You can watch Major League Baseball's official video of the homer (and the inning) here. But as always, shaky fan videos capture the insane joy of a post-season, momentum-shifting home run so much better than can any sanctioned recap:


Here's another fan vid, with Joe Buck's and Tim McCarver's call:



Day in, day out
The second Konerko plate appearance I recall is far less grand, but no less characteristic. I don't remember the game or the in-game circumstances. It probably occurred during Konerko's vexed 2008 season, when he struggled with injuries and lost his stroke for long stretches. He struck out, badly missing an inside fastball he normally would turn on and drive. He stormed off to the dugout, leaning forward, his whole body a tight, inclined wall of self-directed anger and disgust, his fists clenched around his bat. If he were in a comic, there'd be a swirl of miserable black scrawls above his head. He looked miserable, and he probably was; it was a long season for him. What struck me was the rare show of emotion. After his World Series homer, he pumped both fists in the air and was cajoled by his teammates to tip his cap for the delirious crowd in Chicago. Yet after a random, despairing strikeout a few years later, in a meaningless game, his body language seemed more vivid to me. It said: I'm better than this, but the game keeps beating me. He went back to work the next inning, of course, and played out the year, reminded as all players are that baseball humbles far more often than it tickles. I noticed something in Konerko's anguished walk back to the dugout, the park (and even Hawk Harrelson) silent. It stuck with me. Anyone fortunate enough to be a daily starter in major league baseball for fifteen seasons is going to navigate that wide gulf between joy and frustration, both of which seem inexplicable and equally impossible to explain or predict.

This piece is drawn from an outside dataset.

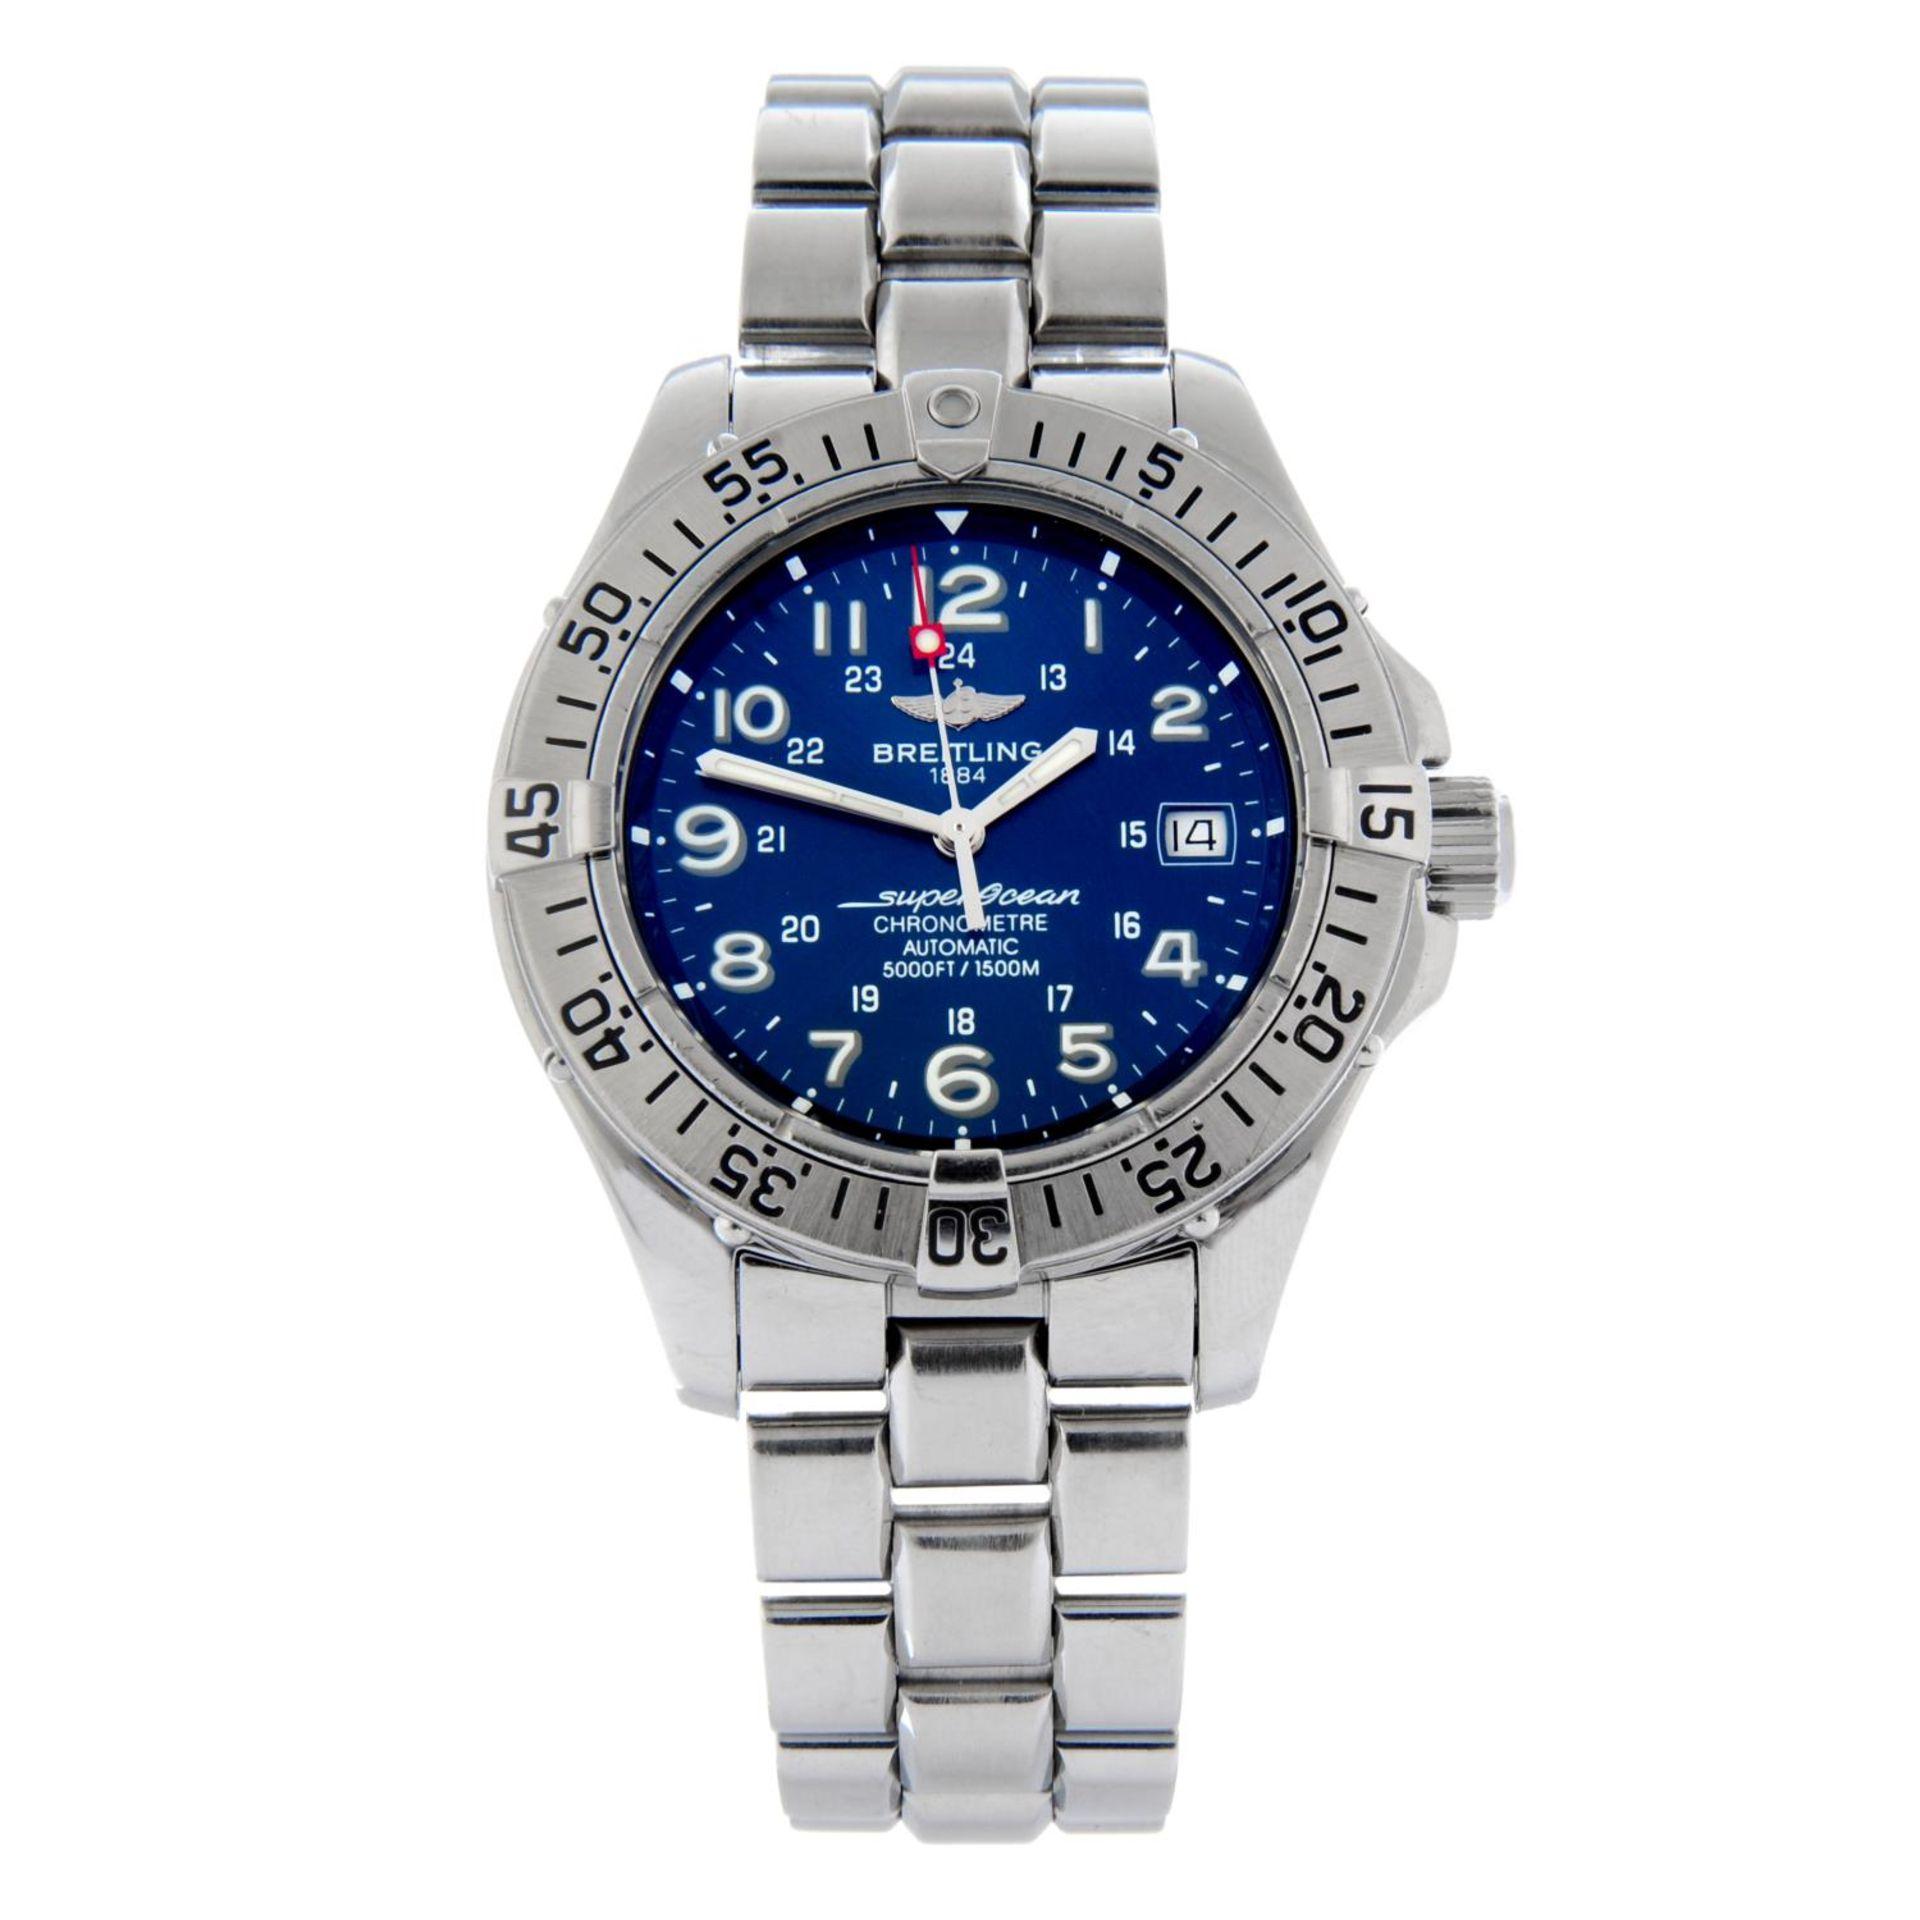 BREITLING - a SuperOcean bracelet watch.

I'll miss Konerko's adult, modest, pleasing way of accepting those wide intervals. Speaking to the Chicago Tribune about his farewell year, Konerko said, "I don't want to make this into a circus with all that stuff off the field. Having said that, I want to fit in some more things. But I want to go out like I came in and (played) all the way through, where it's totally your job.… That will satisfy me the most at the end." Me too.